Well, I’ve just learnt something else :smile: and here is the data:

“id,value,year,geometry\n1,0.445591241121292,2015,"{""type"":""Point"",""coordinates"":[-3.7361068677412166,58.39179006274112]}"\n2,0.441427767276764,2014,"{""type"":""Point"",""coordinates"":[-3.7371190836803483,58.388378850435224]}"\n3,0.54601401090622,2015,"{""type"":""Point"",""coordinates"":[-3.736369954703371,58.39074663309461]}"\n4,0.473496675491333,2016,"{""type"":""Point"",""coordinates"":[-3.73638333200653,58.39090716073254]}"\n5,0.658025324344635,2017,"{""type"":""Point"",""coordinates"":[-3.7366776326760576,58.39040774141455]}"\n6,0.508873164653778,2015,"{""type"":""Point"",""coordinates"":[-3.736187131560178,58.390809060509355]}"\n7,0.403048127889633,2019,"{""type"":""Point"",""coordinates"":[-3.7353265250568626,58.38924391603958]}"\n8,0.577482640743256,2019,"{""type"":""Point"",""coordinates"":[-3.7391256791544,58.38983251737866]}"\n9,0.607733011245728,2015,"{""type"":""Point"",""coordinates"":[-3.738871510394354,58.38889610615743]}"\n10,0.642166316509247,2014,"{""type"":""Point"",""coordinates"":[-3.7384033047837417,58.38941336187963]}"\n11,0.591114699840546,2015,"{""type"":""Point"",""coordinates"":[-3.738430059390062,58.389694285246]}"\n12,0.447087287902832,2016,"{""type"":""Point"",""coordinates"":[-3.735915126395919,58.3906619101746]}"\n”

1 Like

If you do not use triple quotes blocks (i.e., ```text```) then your "" are replaced “”, and so will break the code of anyone trying to parse from a cut-and-paste.

1 Like

Great thanks, what you want is:

julia> first.(getindex.(JSON.parse.(data.geometry), "coordinates"))
12-element Array{Float64,1}:
 -3.7361068677412166
 -3.7371190836803483
 -3.736369954703371
 -3.73638333200653
 -3.7366776326760576
 -3.736187131560178
 -3.7353265250568626
 -3.7391256791544
 -3.738871510394354
 -3.7384033047837417
 -3.738430059390062
 -3.735915126395919

julia> last.(getindex.(JSON.parse.(data.geometry), "coordinates"))
12-element Array{Float64,1}:
 58.39179006274112
 58.388378850435224
 58.39074663309461
 58.39090716073254
 58.39040774141455
 58.390809060509355
 58.38924391603958
 58.38983251737866
 58.38889610615743
 58.38941336187963
 58.389694285246
 58.3906619101746

While first and last work in this case, you could generalize this by replacing it with getindex.(getindex.(JSON.parse.(data.geometry), "coordinates"), n) where n is the index you need (i.e. 1 or 2 in your case).

1 Like

Awesome! Thank you so much. So I just needed to dot more! I had assumed that you only dot the first one because the JSON.parse in this case would be just on the “current” getindex. row. I was getting errors trying that which said the column lengths need to match. Your example explains why. The inner dot makes an array of all rows parsed as a dictionary. The ‘middle’ dot makes an array of the geometry index and the outer dot then broadcasts over all the elements of that array. That is very helpful to see this as a nested example.

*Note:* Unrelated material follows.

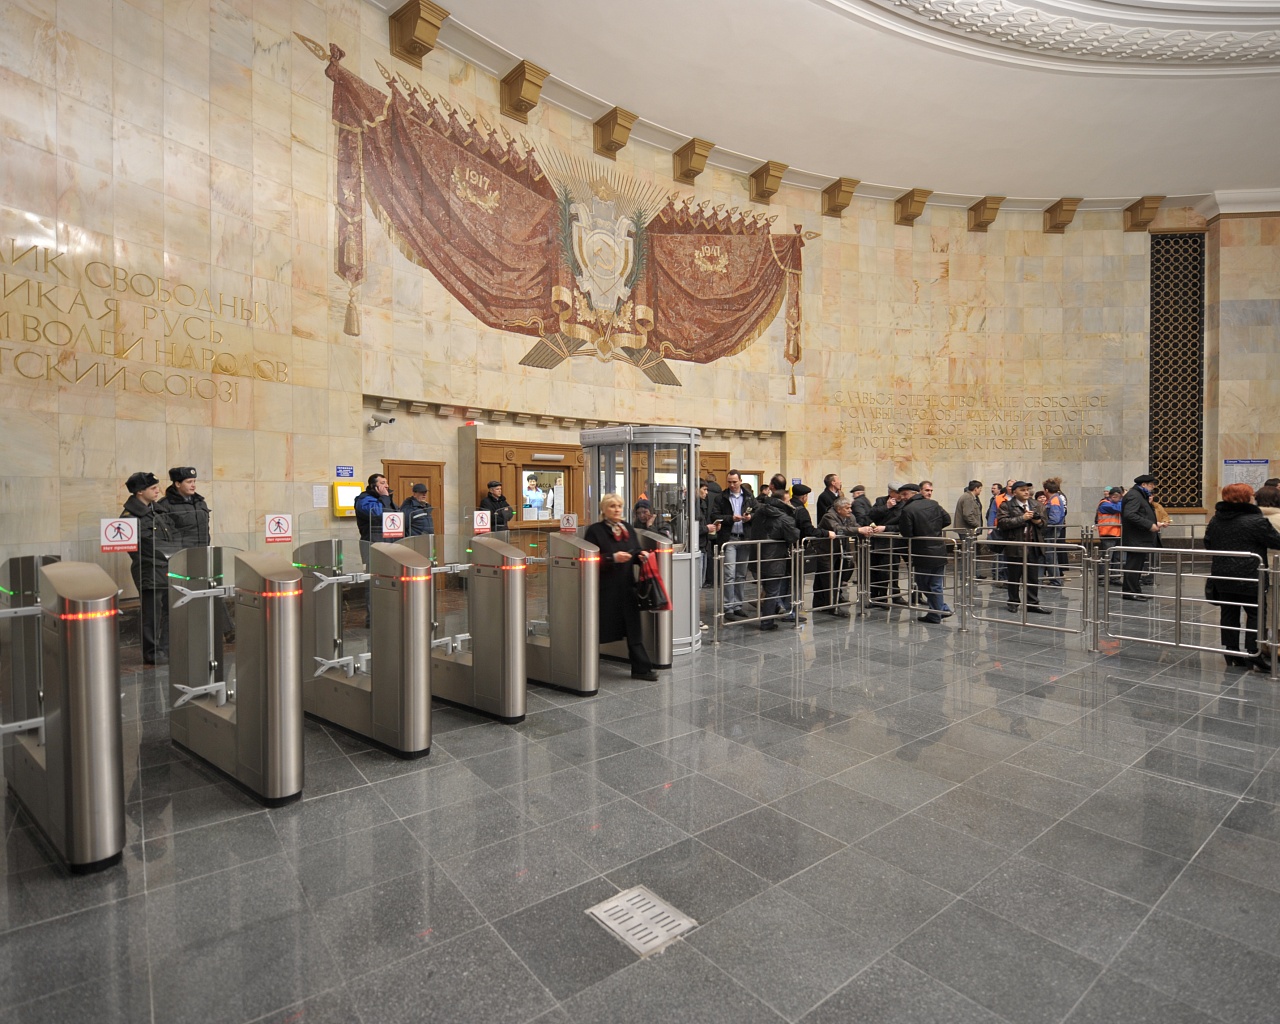 Около 1,5 тысяч пассажиров столичного метро оплачивают проезд по "безналу"

The ‘middle’ dot makes an array of the geometry index and the outer dot then broadcasts over all the elements of that array.

Note that no intermediate arrays are created when you use multiple dots in a single broadcasting expression. That is, both of the two expressions below avoid creating any intermediate arrays.

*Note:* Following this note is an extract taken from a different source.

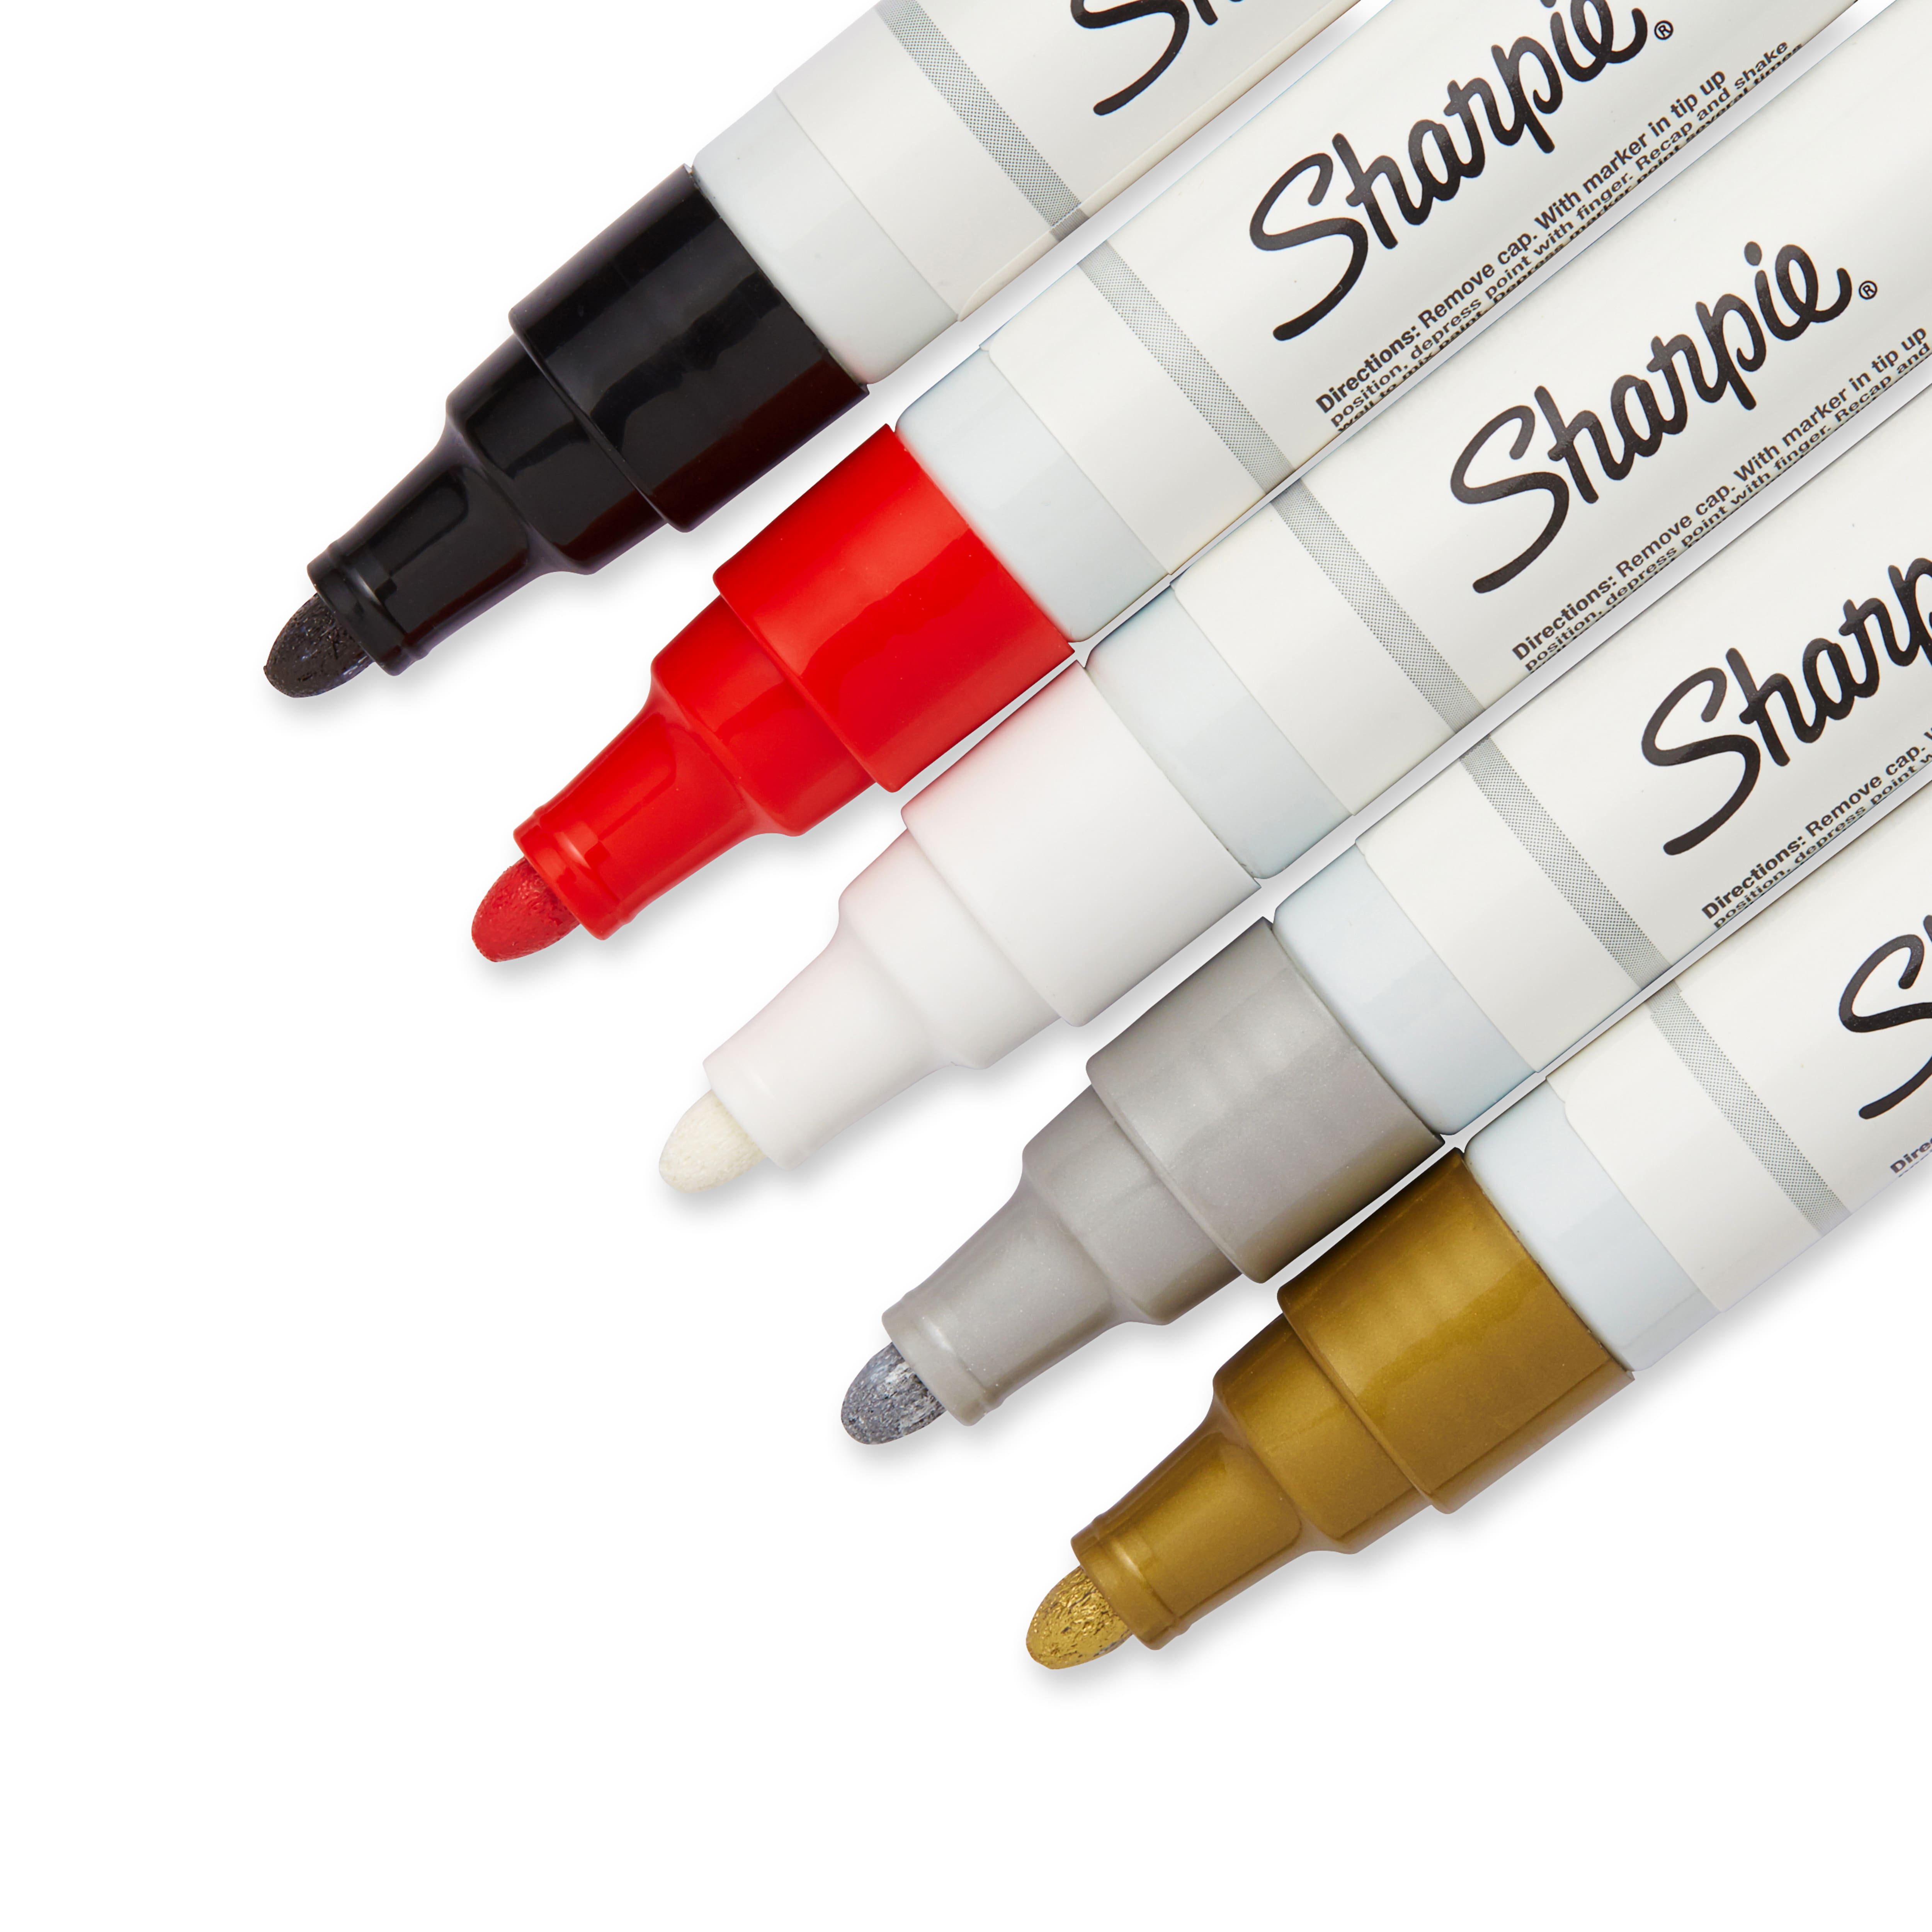 Sharpie White Permanent Paint Marker - Medium Point - SupplyDen

first.(getindex.(JSON.parse.(data.geometry), "coordinates"))
broadcast(x -> first(getindex(JSON.parse(x), "coordinates")), data.geometry)

It’s a very handy feature of the “dot” syntax.

1 Like

Aah! OK that sounds much more efficient. Thanks again!

Interestingly, in all the tutorials on Julia I have done, this is the first time I have seen broadcast as a function name. The examples of broadcasting always use the dotted syntax and never have more than one dot. I find the form using the broadcast function more readable and intuitive just because there are so many dots with two different meanings in the first example - presumably that’s just a syntactic style thing and there is no performance hit of using one over the other?

You can also use @. in front of an expression (or even in front of a line) and everything gets dotted e.g.:

x = range(0, 1, length=100)
y = @. exp(x * cos(x^2))  # equiv to exp.(x .* cos.(x.^2))

( ?@. for more information)

1 Like

That’s brilliant! I came to this forum with a question about weakrefstrings but am walking away with so much more practical info.